The core of the EURES network is a computerised databank providing information on transnational job and recruitment opportunities, as well as information on living and working conditions in the countries of the Union, from accommodation to contract law and taxation. The European Commission ensures the coordination of the network. EURES serves both as an employment service at the scale of Europe, having as task to inform, counsel and place job seekers on the territory of the European Economic Area, and as a forum for the examination, at operational level, of all questions relating to employment in Europe. By encouraging trans-border recruitment and acquisition of qualifications, this network makes a real contribution to the creation of a European labour market. More than half a million people seek the EURES services every year. The EURES internet site on the Europa server is a key source of information for job-seekers and employers as regards living and working conditions in the different Member States, providing access to the EURES database of job vacancies (around 10 000) and links to all the Internet sites of the participating public employment services.

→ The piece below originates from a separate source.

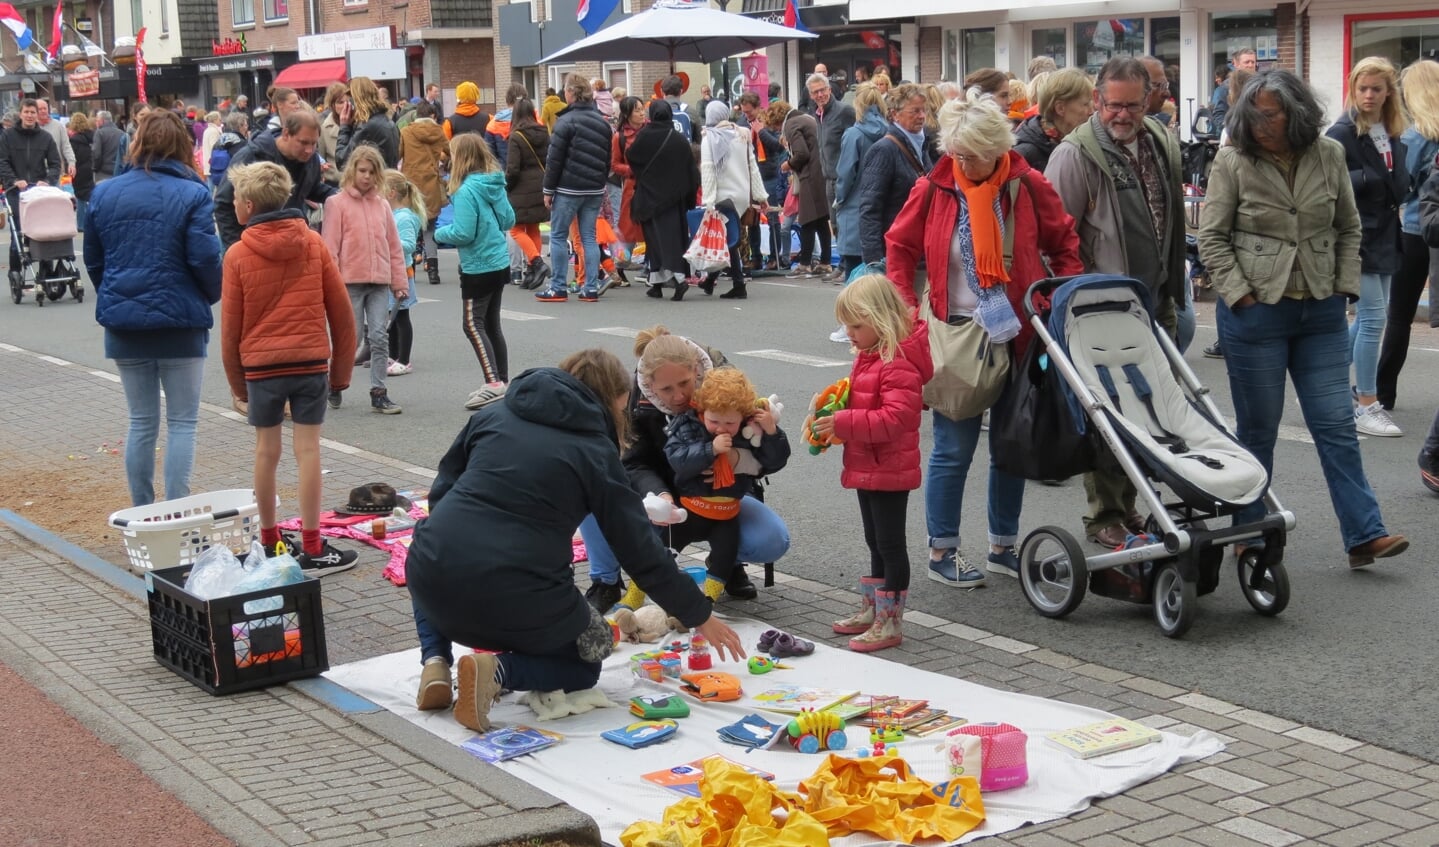 De drukbezochte vrijmarkt op de Hessenweg in De Bilt bood weer veel spulletjes voor een zacht prijsje. Muzikanten verzamelden muntjes met drums of gitaarspel, anderen hadden creatieve ideeën die geld opbrachten bedacht.

To facilitate the mobility of workers within the EC/EU it was also necessary to ensure and encourage the education of the children of migrant workers. That was achieved in a Council Directive, which obliges the Member States to treat the children of migrant workers in the same way as the children of national workers, including as regards the aid granted by the public authorities to school pupils and to students [Directive 77/486]. Two Council Resolutions on school provision for gypsy and traveller children and on school provision for children of occupational travellers respectively, provide for measures to be taken by the EU and the Member States to resolve the specific problems of those poorly educated people.
Concerning sickness insurance, the Court of Justice has established that, when an insured person has been authorised by the competent institution to go to another Member State for treatment, the institution of the place where the treatment is provided is required to provide him with benefits in kind in accordance with the rules on assumption of the costs of health care which the latter administers, as if the person concerned were registered with it [Case C-368/98]. An authorisation can be refused on the ground of lack of medical necessity, only if the same or equally effective treatment can be obtained without undue delay at an establishment having a contractual arrangement with the insured person's sickness insurance fund [Case C-157/99].